Task prompt
Repeat the listing below line by line, exactly, leaving its pictures behind.

Data extract
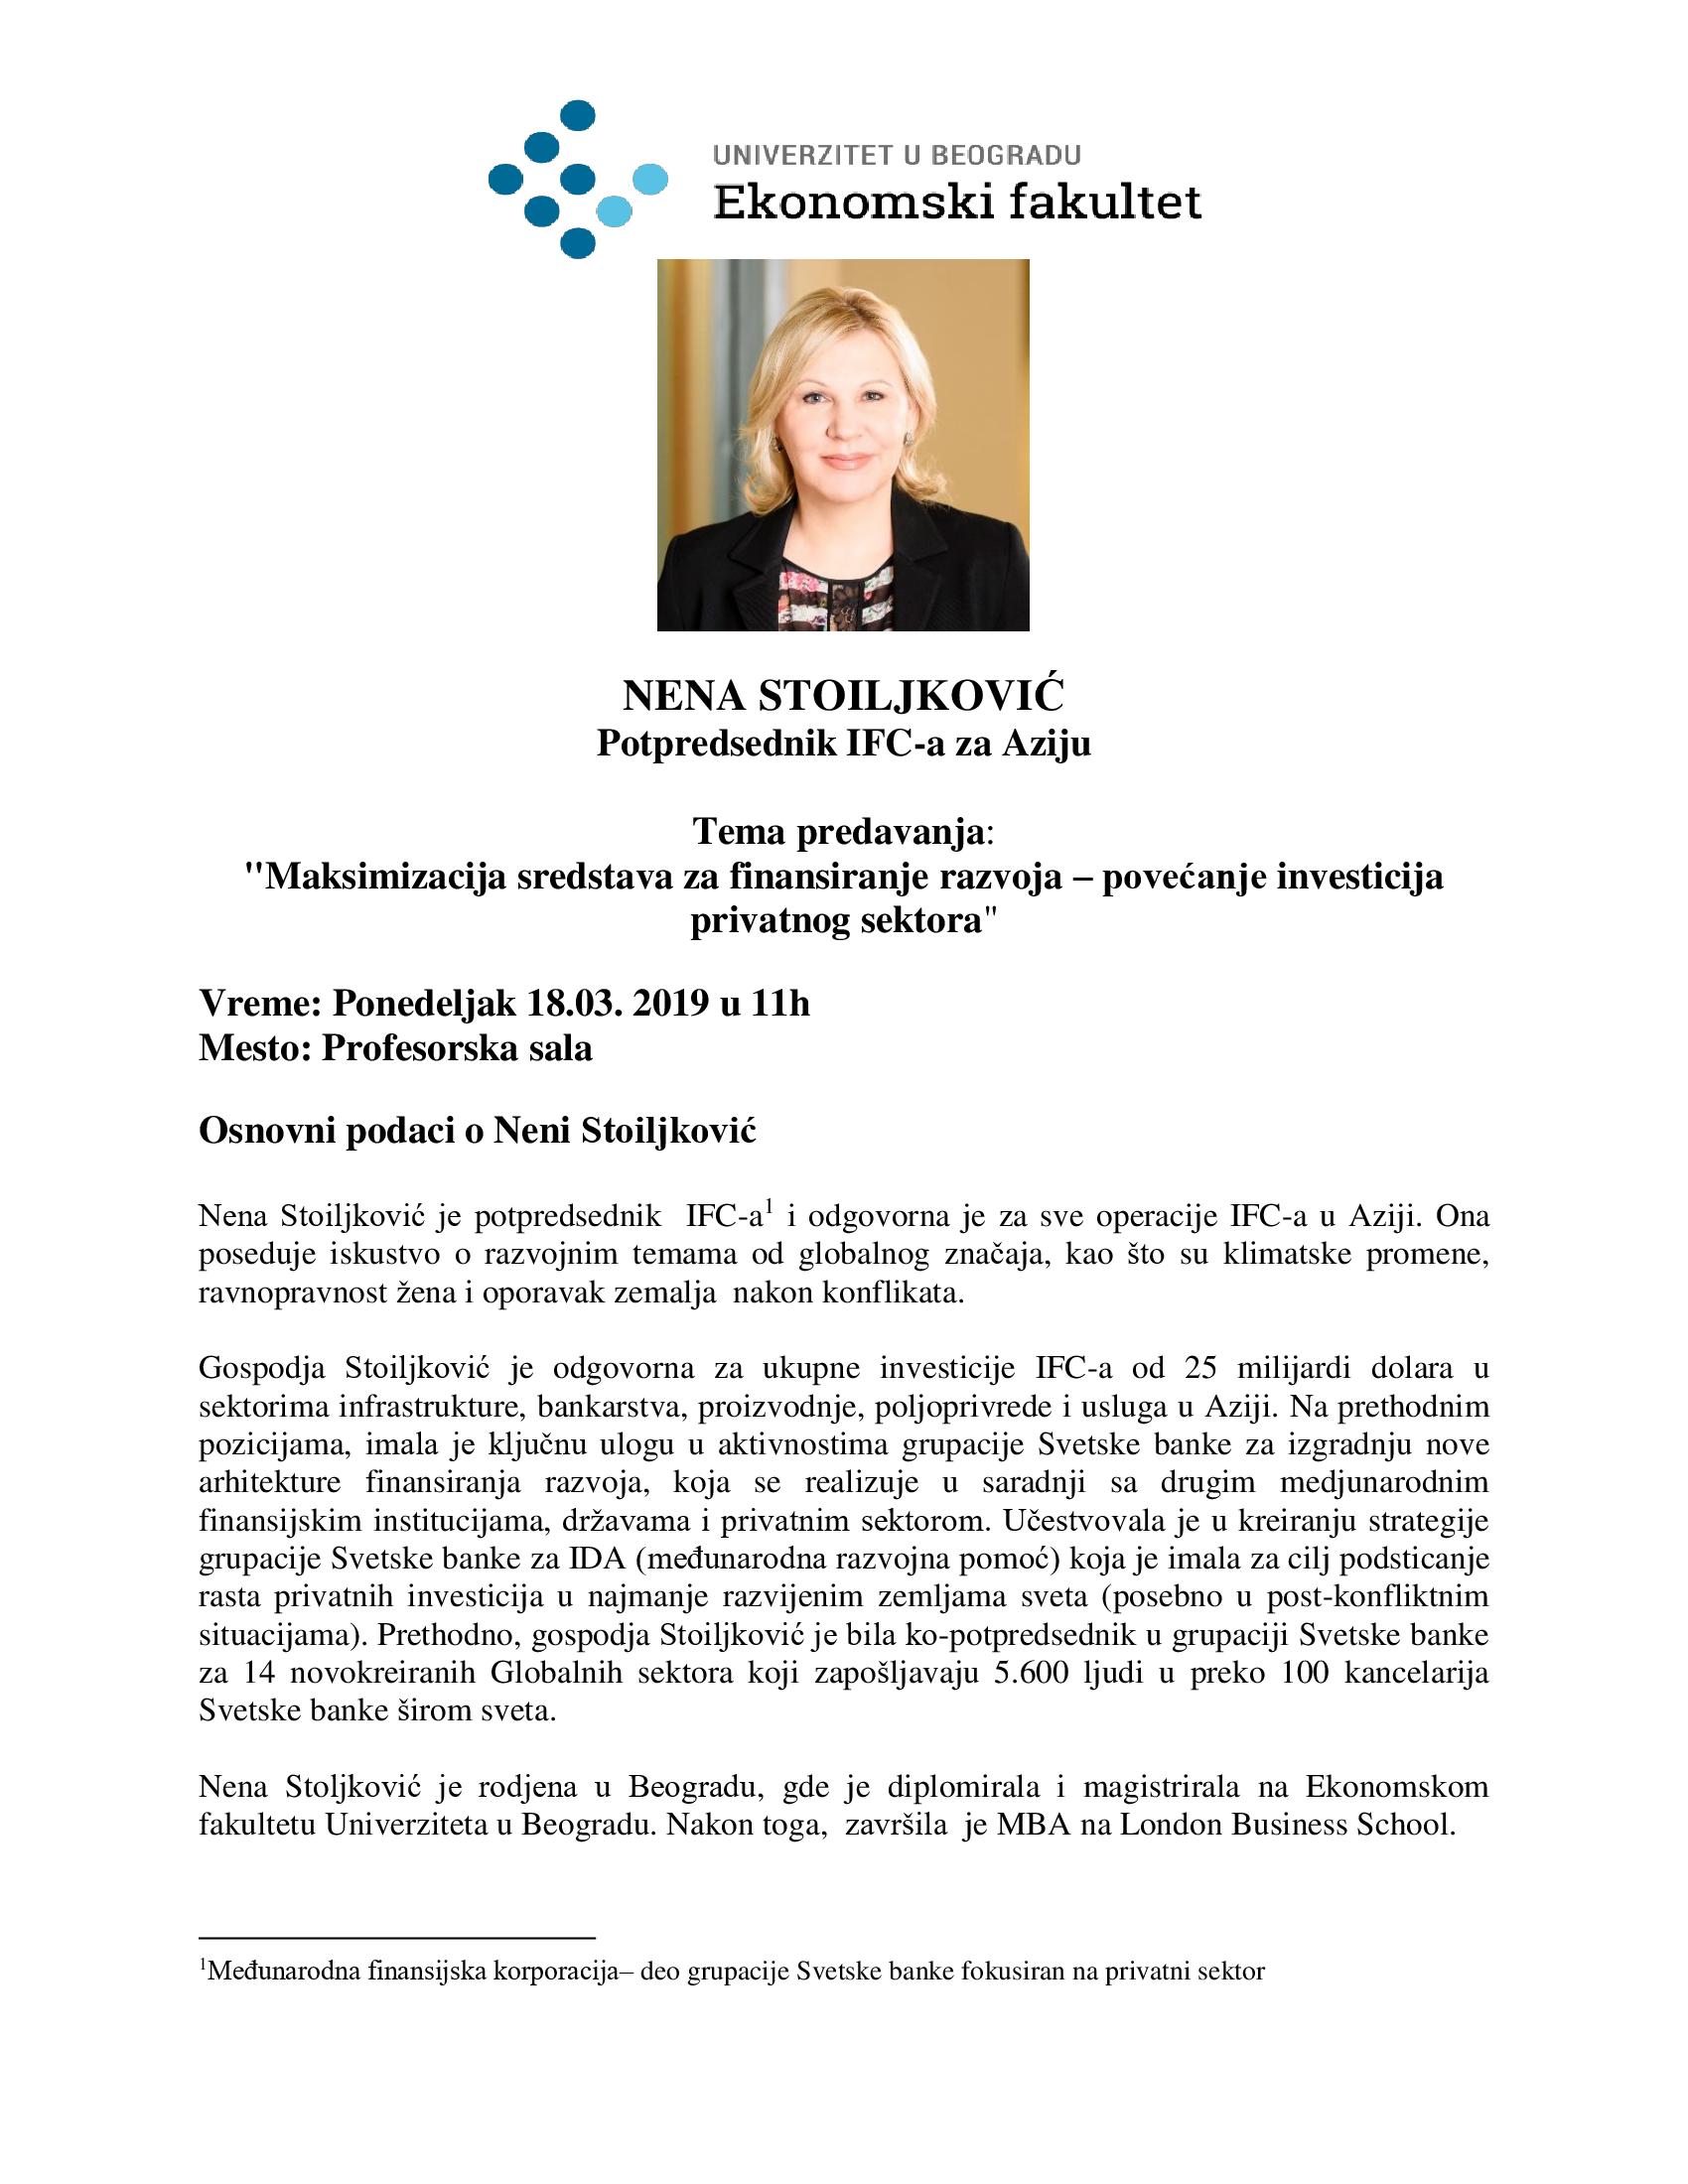 NENA-STOILJKOVIC-BIO-SRB-_1__1
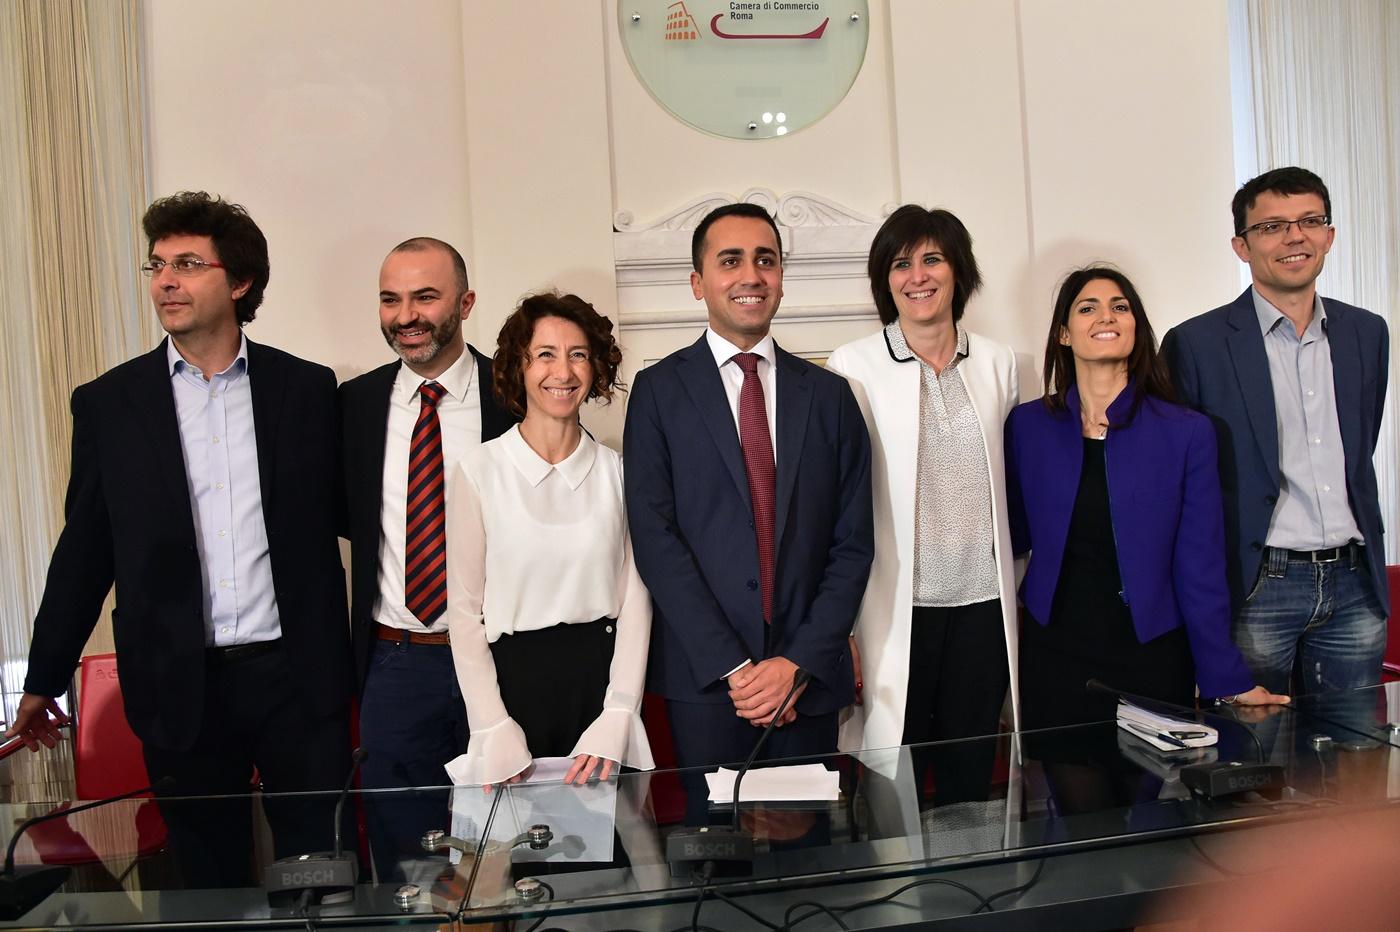 Matteo Brambilla, Max Bugani, Antonietta Martinez, Virginia Raggi, Chiara Appendino e Paolo Menis
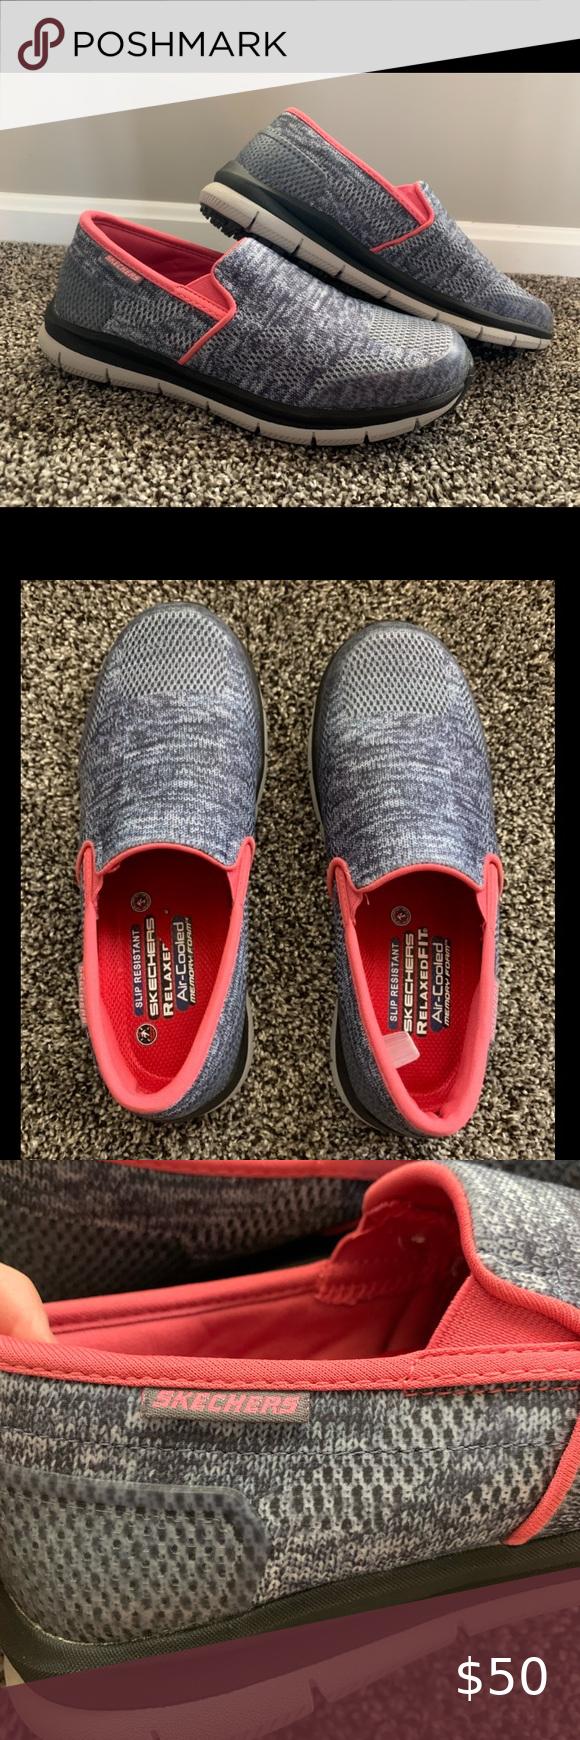 skechers workwear shoes

Output for this task
 NENA-STOILJKOVIC-BIO-SRB-_1__1
 Matteo Brambilla, Max Bugani, Antonietta Martinez, Virginia Raggi, Chiara Appendino e Paolo Menis
 skechers workwear shoes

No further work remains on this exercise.